Given data:
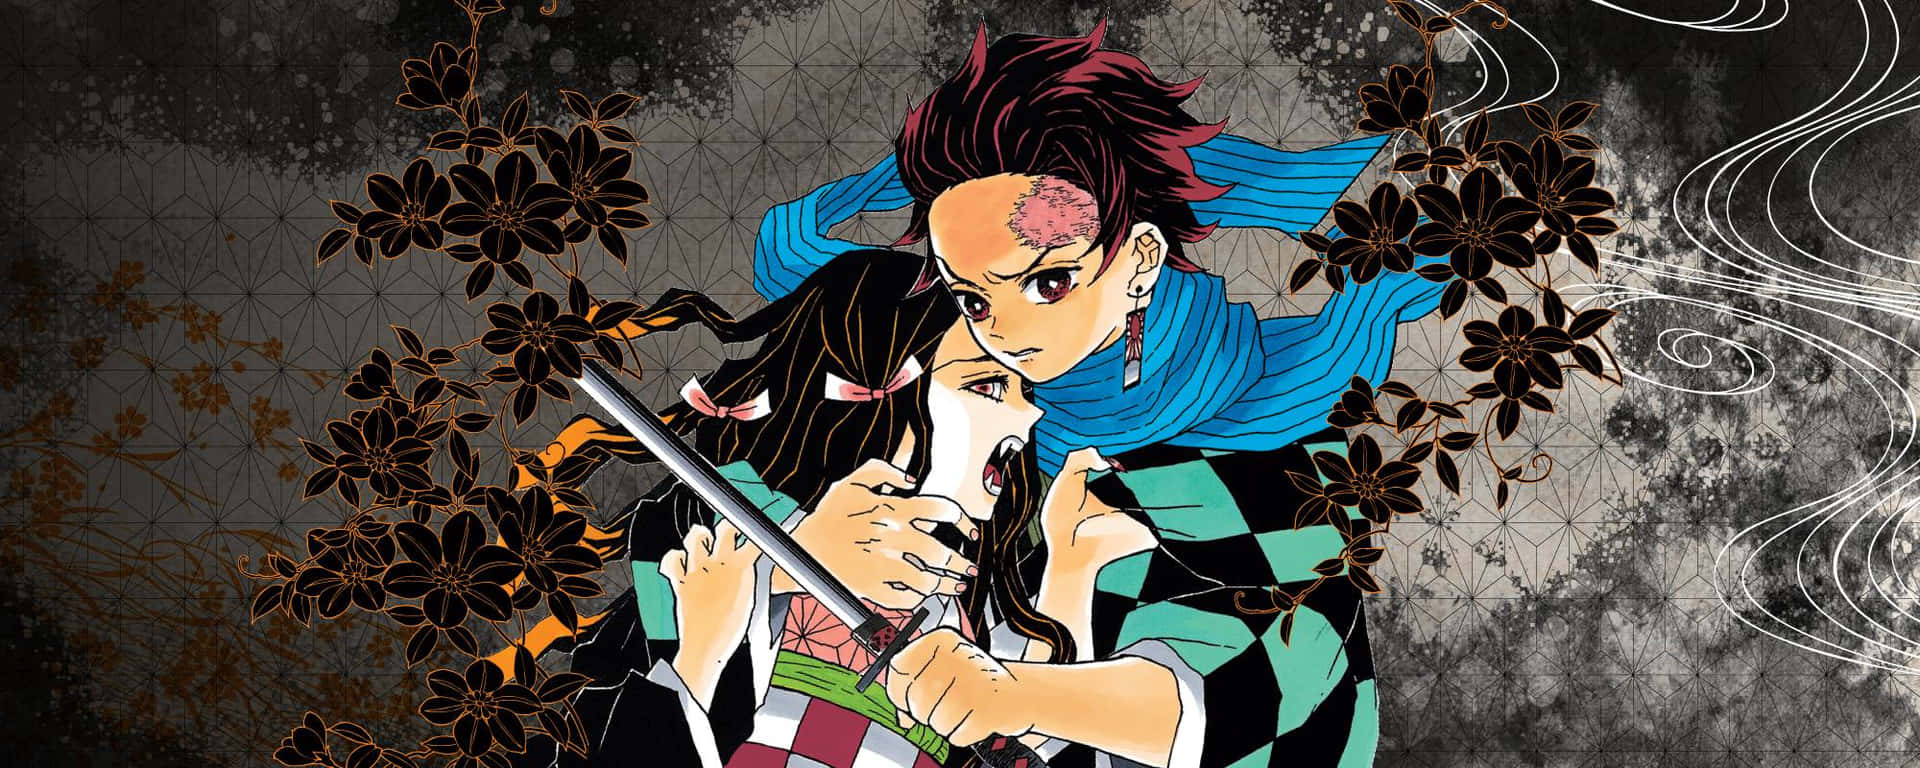 Schließedich Tanjiro Und Seinen Freunden Auf Ihrer Mission An, Nezuko Im Demon Slayer Manga Zu Retten. Wallpaper
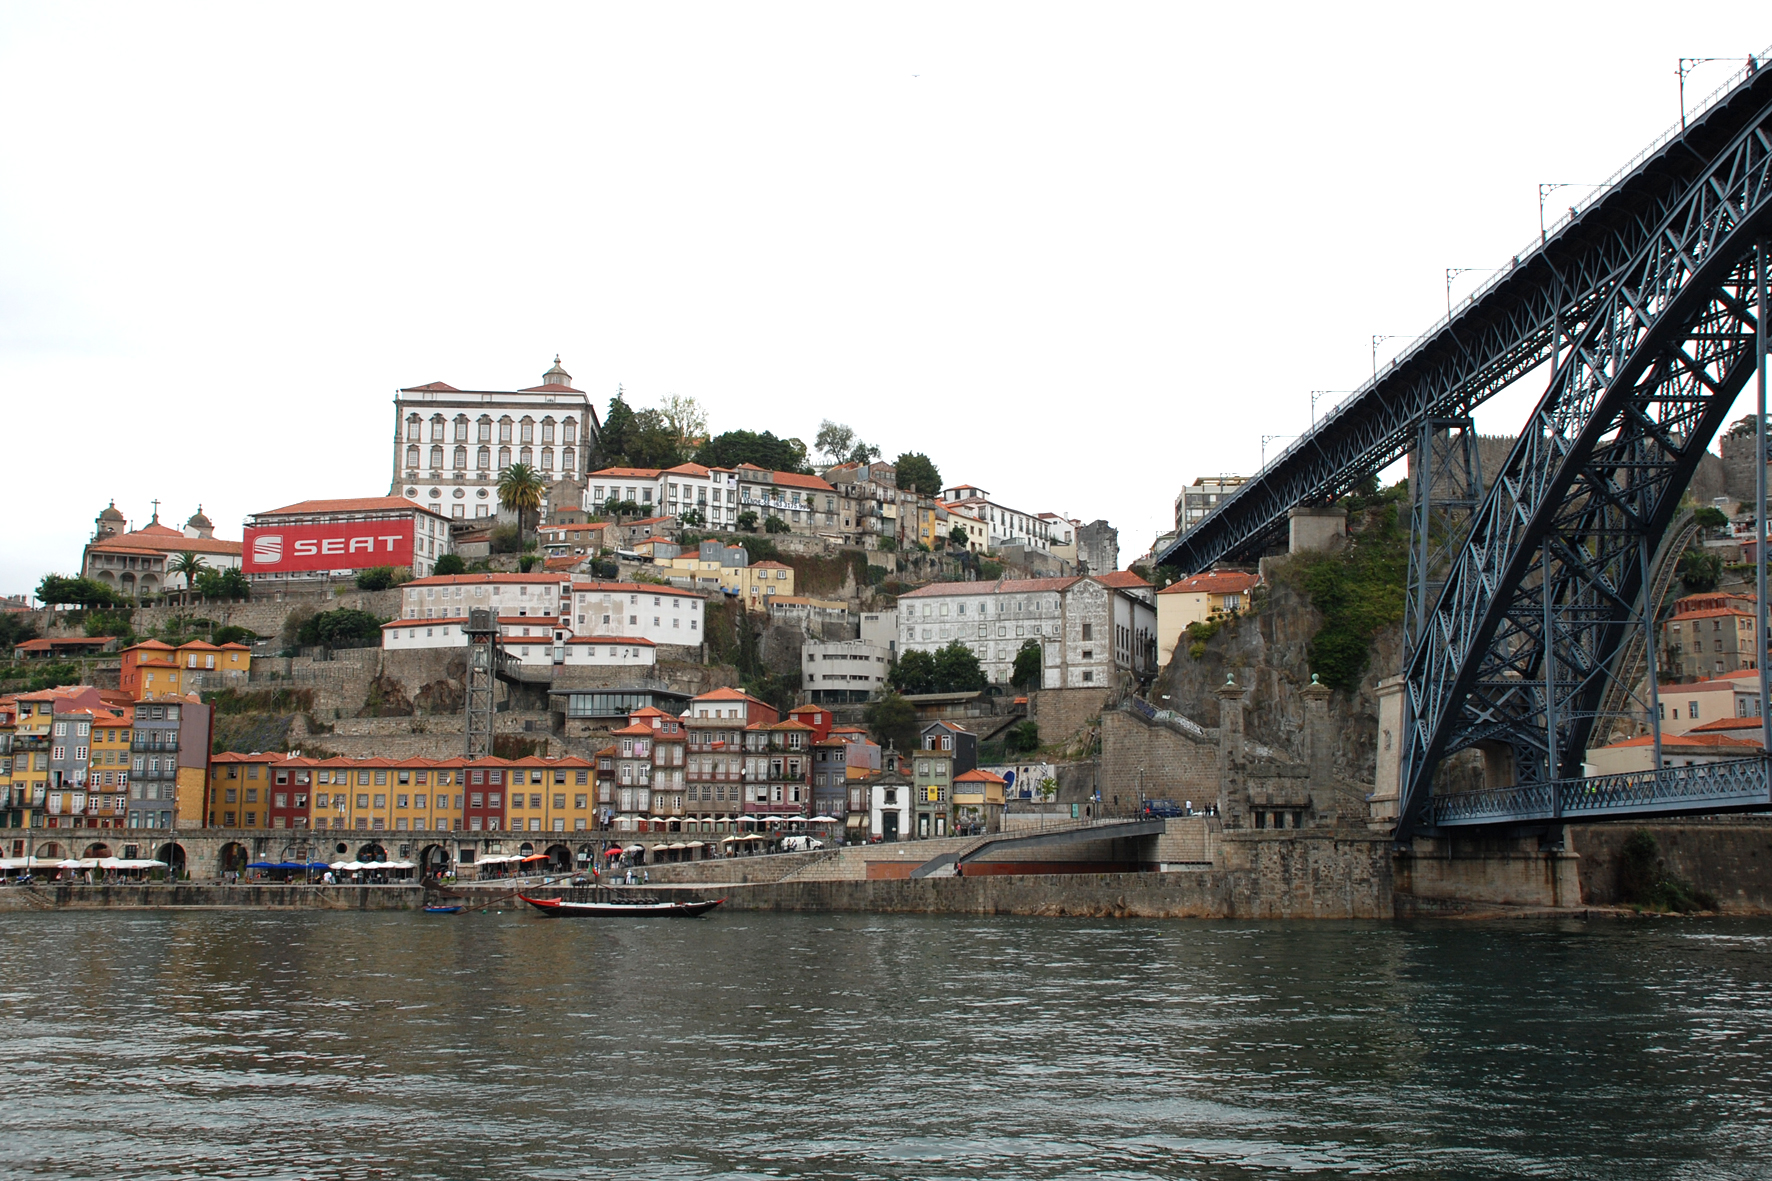 Фотография №1 - город Порту в Португалии
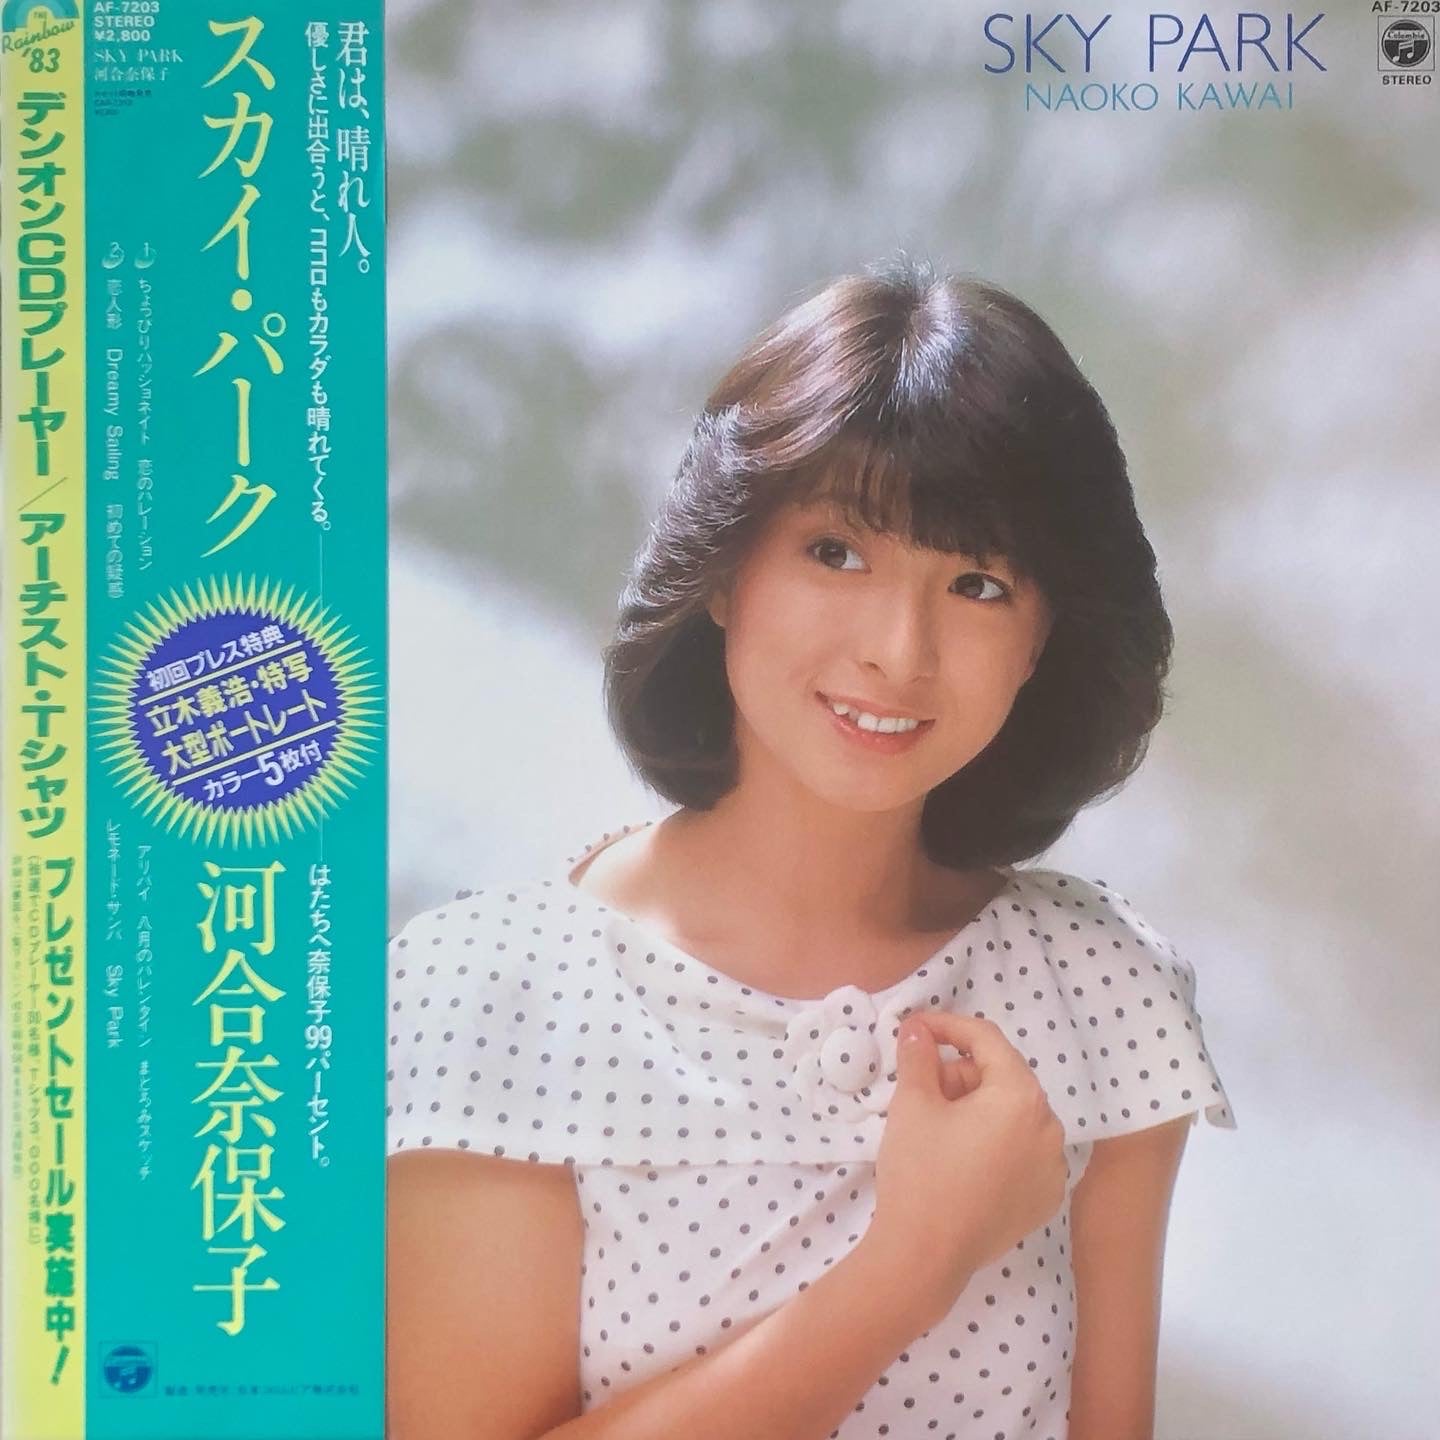 Naoko Kawai - Sky Park
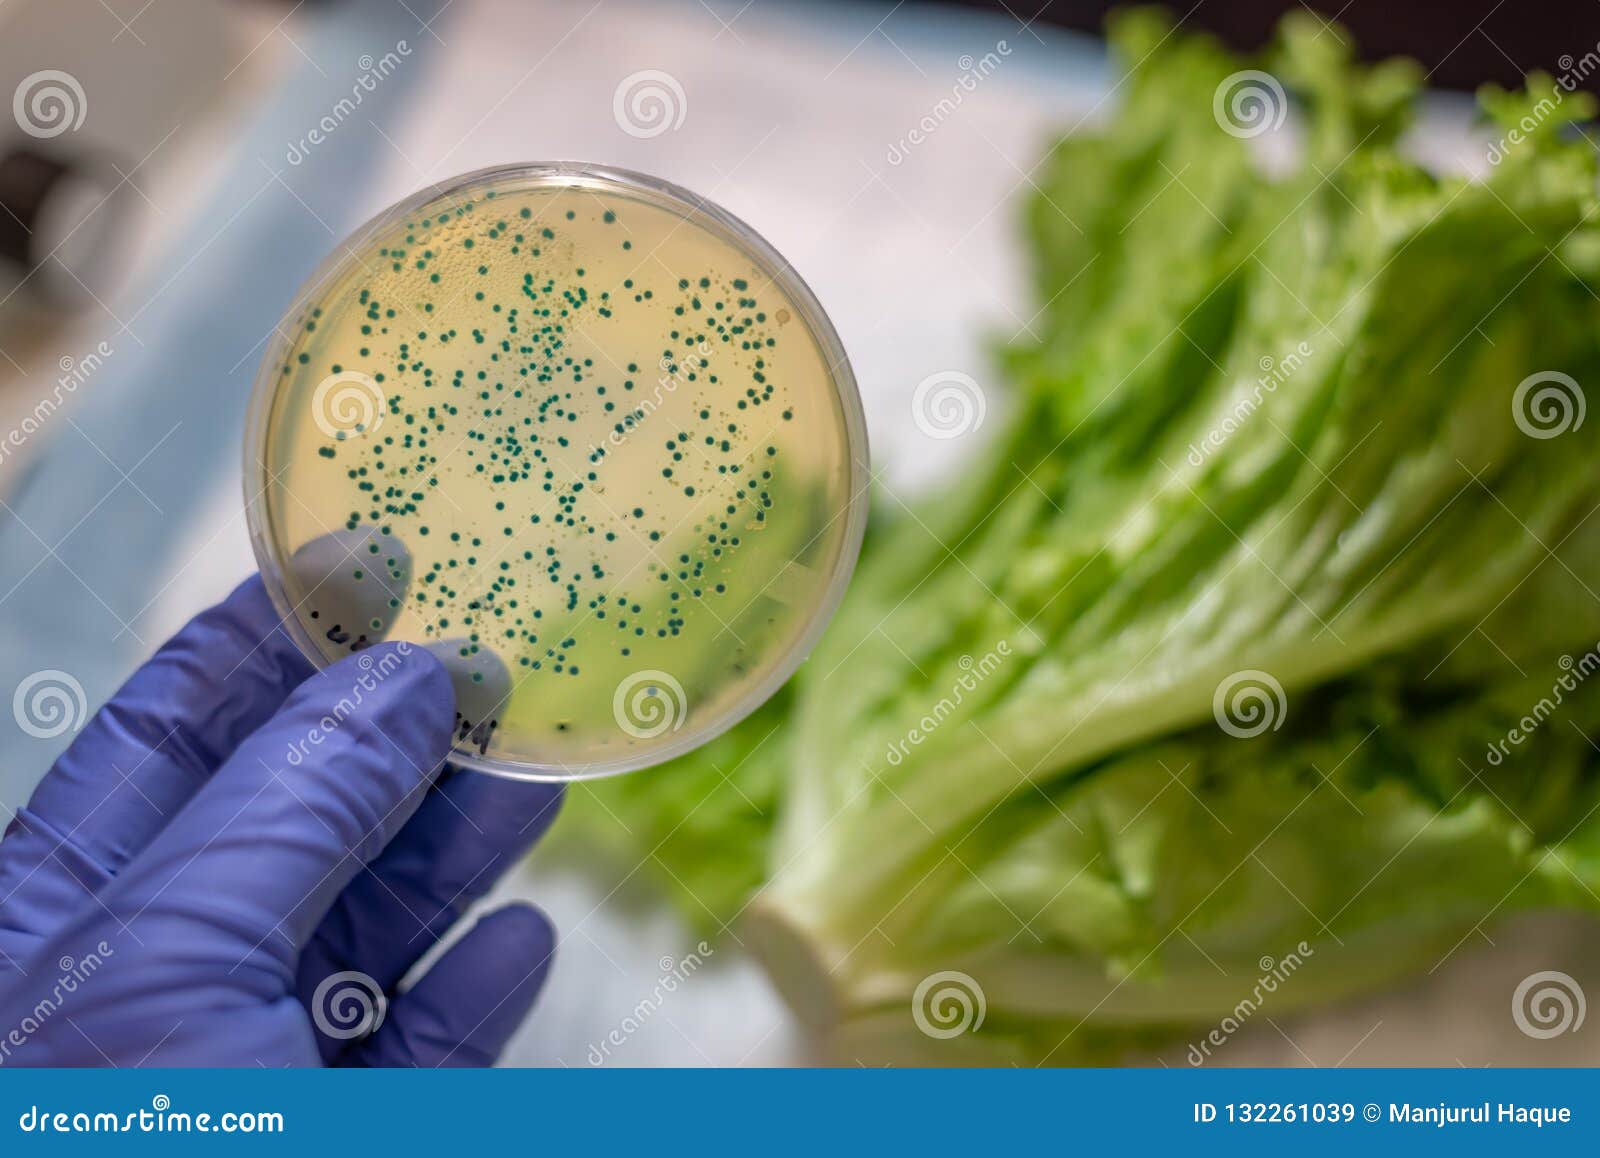 fresh romaine lettuce with e coli culture plate

Problem requirements: Repeat the material verbatim. Do not carry over any picture.

Output for this task:
 Schließedich Tanjiro Und Seinen Freunden Auf Ihrer Mission An, Nezuko Im Demon Slayer Manga Zu Retten. Wallpaper
 Фотография №1 - город Порту в Португалии
 Naoko Kawai - Sky Park
 fresh romaine lettuce with e coli culture plate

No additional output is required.